Byron, mientras estudiaba en Cambridge, guardó un oso en una institución en donde estaban prohibidos los animales domésticos. En otras épocas de su vida tuvo de compañía a un zorro, monos, loros, gatos, un águila, un halcón, gallinas de Guinea, un cuervo, un tejón, gansos, una grulla egipcia y una garza. No es de extrañar entonces que escribiera un epitafio para su más fiel amigo y compañero.


“Aquí yace Moliere el rey de los actores. En estos momentos hace de muerto y de verdad que lo hace bien”. Epitafio de Moliere

“De aquí si que no me escapo”.Harry Houdini

“Desde aquí no se me ocurre ninguna fuga”. Johann Sebastian Bach

“No es que yo fuera superior. Es que los demás eran inferiores”. En la tumba de Orson Welles.

“Jesús mío, misericordia”. Al Capone.

“Ocho horas con fiebre, ¡Me habría dado tiempo a escribir un libro!” En la tumba de Honore de Balzac.

“Pararía de morirme si se me ocurriera una palabra bonita o una buena idea”. En la tumba de Voltaire.

“Que baje el telón, la farsa terminó”. En la tumba de Rabelais.

“RIP, RIP, ¡HURRA!” Lo puso Groucho Marx en la tumba de su suegra.
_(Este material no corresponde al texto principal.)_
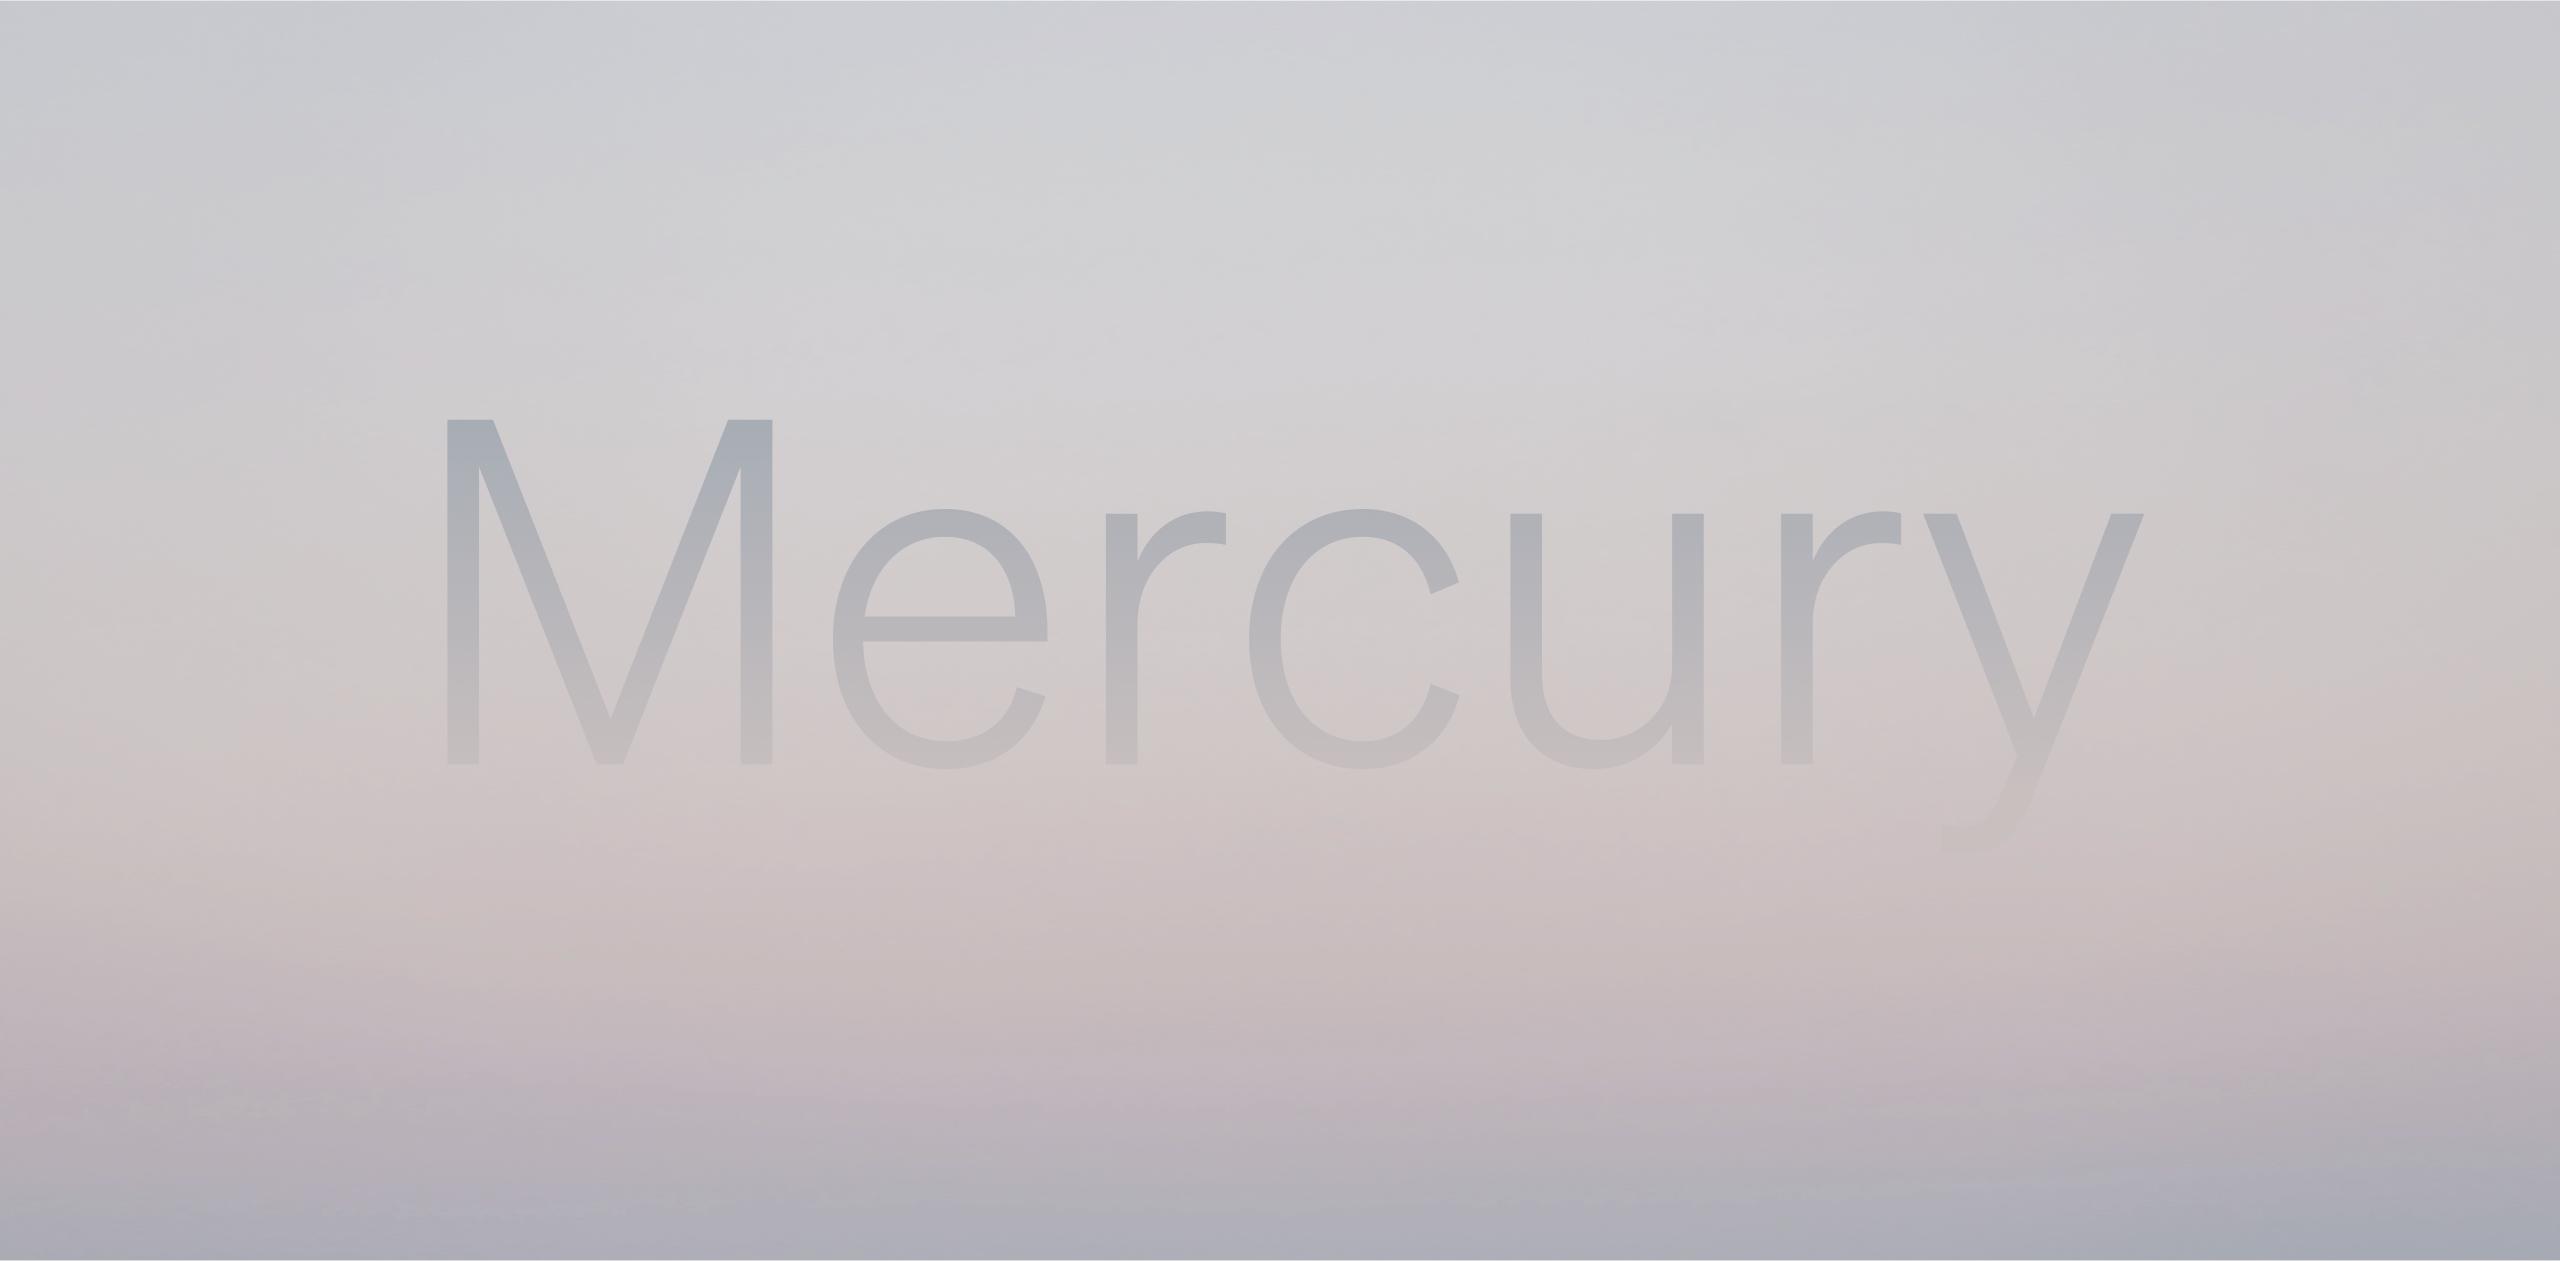 www.mercuryos.com image

“Señor, recíbela con la misma alegría con la que yo te la mando”. Siguiendo con las suegras, alguien escribió esto para la suya.

“¿Veis como no se trataba de un simple resfriado?” Escrito por un enfermo.

“Si no viví más, fue por que no me dio tiempo”. En la tumba de Sade.

“Que los amigos aplaudan. La comedia se ha acabado”. Ludwig van Beethoven.

“Nunca me he sentido mejor”. Douglas Fairbanks.

“Nunca debería haber cambiado el Scotch por los Martinis”. Humphrey Bogart.

“¿Por qué lloráis? ¿Pensabais que yo era inmortal?” Luis XIV.

“Ya decía yo que ese médico no valía mucho.” Miguel Mihura, escritor de comedias.

“Ojala que el gusano que me comió termine en un tequila”. un esperanzado.

”Si queréis los mayores elogios, moríos”. Enrique Jardiel Poncela (escritor y dramaturgo español).

“Verdadero acero, hoja afilada, Arthur Conan Doyle. Caballero patriota, médico y hombre de letras”. Arthur Conan Doyle (escritor y creador Sherlock Holmes).

William Shakespeare murió el 23 de abril de 1616 (martes 3 de mayo en nuestro calendario), a la edad de 53 años. Fue enterrado en el presbiterio de la iglesia de la Santísima Trinidad de Stratford, su pueblo natal. Según William Hall, el propio Shakespeare dictó los versos de su epitafio, que se hallan grabados en la lápida. Dicen así:


Buen amigo, por Jesús, abstente
de cavar el polvo aquí encerrado.
Bendito sea el hombre que respete estas piedras
y maldito el que remueva mis huesos.


Esta maldición ha llevado a no comprobar el contenido de la tumba durante siglos. Pero más allá del hecho anecdótico, el epitafio nos revela que Shakespeare tenía una arraigada creencia en lo sobrenatural, y además se arrogaba el poder de bendecir y maldecir, dándonos una idea de la imagen que tenía de sí mismo. ¿Pero cual es la razón para semejante aviso? Pues porque era común, en la época de la muerte de Shakespeare, el retirar cuerpos de sus tumbas y quemarlos para poder reutilizar el espacio de la tumba.


4 comentarios:

Angel dijo...

Rip, Rip. Hurra!!! grande ese Grouncho jajaja
Hay un libro de Ramón Arangüena que se llama "Señor, no te preguntamos por qué te la has llevado, te damos las gracias : esquelas, anuncios, noticias y cartas para morirse de risa" (sí bastante largo el título) pero es buenísimo para los que nos gusta reírnos con estas ocurrencias.
Un abrazo.

Alury dijo...

El Groucho se pasó muchísimo!!! xD
Y el del resfriado..... jajjajajaja

Creo que dejaré en mi testamento alguna frase célebre para dar el cante en el cementerio.

Raquel dijo...

El de Groucho es muy divertido XD
Pero me gusta el de Harry Houdini.
Interesante entrada.
Un beso.

Ana dijo...

Ángel: Es que Goucho era así, jaja, le salía ese humor hasta en determinados momentos. El título si que es largo, pero seguro que es un libro para partirse de risa.
Un beso
;)

Alury: Jaja, hay gente que da que hablar hasta en el cementerio, ¿no?
Un beso
:)

Raque: El de Harry Houdini es muy cierto, ¿no? de ahí si que no se iba a escapar, jaja.